Sunday, February 27, 2011

And the Winner Is...

Well, we'll see. Don't have plans to watch the Oscars this evening, to be honest, although I think the Best Picture category is stronger than it's been in a long time. Even so, the Academy criminally overlooked Get Low, as well as Robert Duvall for best actor and Bill Murray for best supporting actor. It lumped True Grit's Hailee Steinfeld into the best supporting actress category, when she's actually the first of the three main cast members to appear onscreen and has a larger role in driving the story than either of the other two.

Colin Firth is likely to win best actor because he performed well but didn't win last year, even though Jeff Bridges and James Franco both topped him. Javier Bardem and Jesse Eiesenberg's presence on the list of nominees is not, as some movie writers suggest, a travesty. It is, however, a mystery.

Natalie Portman is likely to win best actress because she plays a woman losing her mind and acting that out sexually (including a meaningless titillation scene with costar Mila Kunis), which the Academy rarely fails to reward. She's actually the second weakest performance on the nominee list, although on odd-numbered days I'd agree she was the worst and that Nicole Kidman edged her out. Jennifer Lawrence from Winter's Bone ranks at the top of the nominee list.

The King's Speech, starring Firth, is considered the favorite for best picture. It's certainly not a bad movie, but there's nothing about it that couldn't be seen on any Masterpiece Theatre production on PBS. The only ones of the ten that would rank as Crash-level head-scratchers would be Inception, Black Swan or The Social Network.
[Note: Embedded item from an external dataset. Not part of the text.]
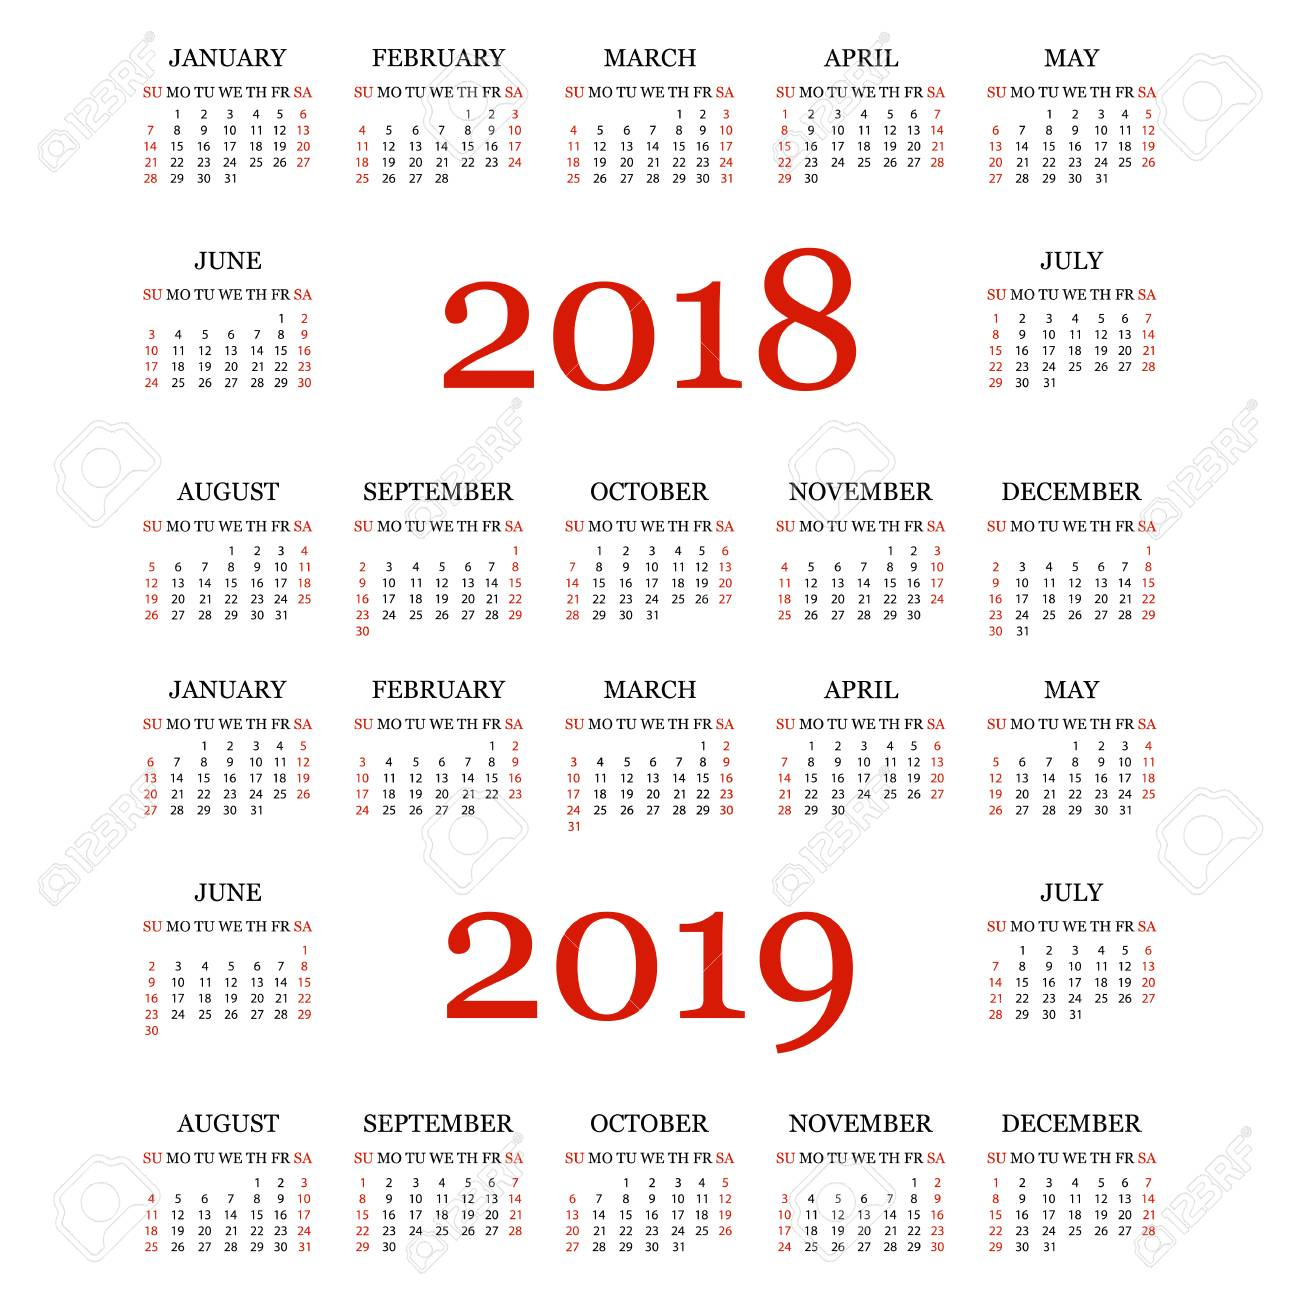 Calendario En Blanco.Calendario 2018 2019 Plantilla De Calendario Simple Para El Ano 2018 Y 2019 Fondo Blanco Ilustracion Vectorial

The first is a dazzling spectacle without much of a story at its center, the second's an un-dazzling spectacle without much of a story at its center and the third tries to make me care about a fictionalized version of the creation of Facebook, and I don't. If I go with the one I liked best (which is what Academy voters will do anyway), I'd take True Grit, Toy Story 3 or Winter's Bone.

For best supporting actor and actress, I'll take my lead from Mr. Murray, who used to do an Oscar prediction bit on Saturday Night Live's "Weekend Update" sketch: "Who cares?"

ETA: But Bob Hope rocked ;-)

2 comments:

philip vm said...

yeahhhhh...i'm gonna have to disagree with you on firth: i think he won fair and square. bridges lost points with me for being unintelligible. (it's kind of hard to judge the performance when you can make out half the words.) and franco was perfectly good...but i never really saw the "best actor" thing for him.

but you're right that duvall was robbed...as was murray. it's funny: i didn't really like "get low," but i thought they were both terrific in it.

how bad was that telecast, last night?

Friar said...

I had it on in the other room and just drifted in and out when something sounded interesting (like Bob Hope). It sounded awful ;-)

I can certainly live with Firth; some of my "meh" probably leaks over from my response to the movie itself. He's a quality actor with a lot of versatility.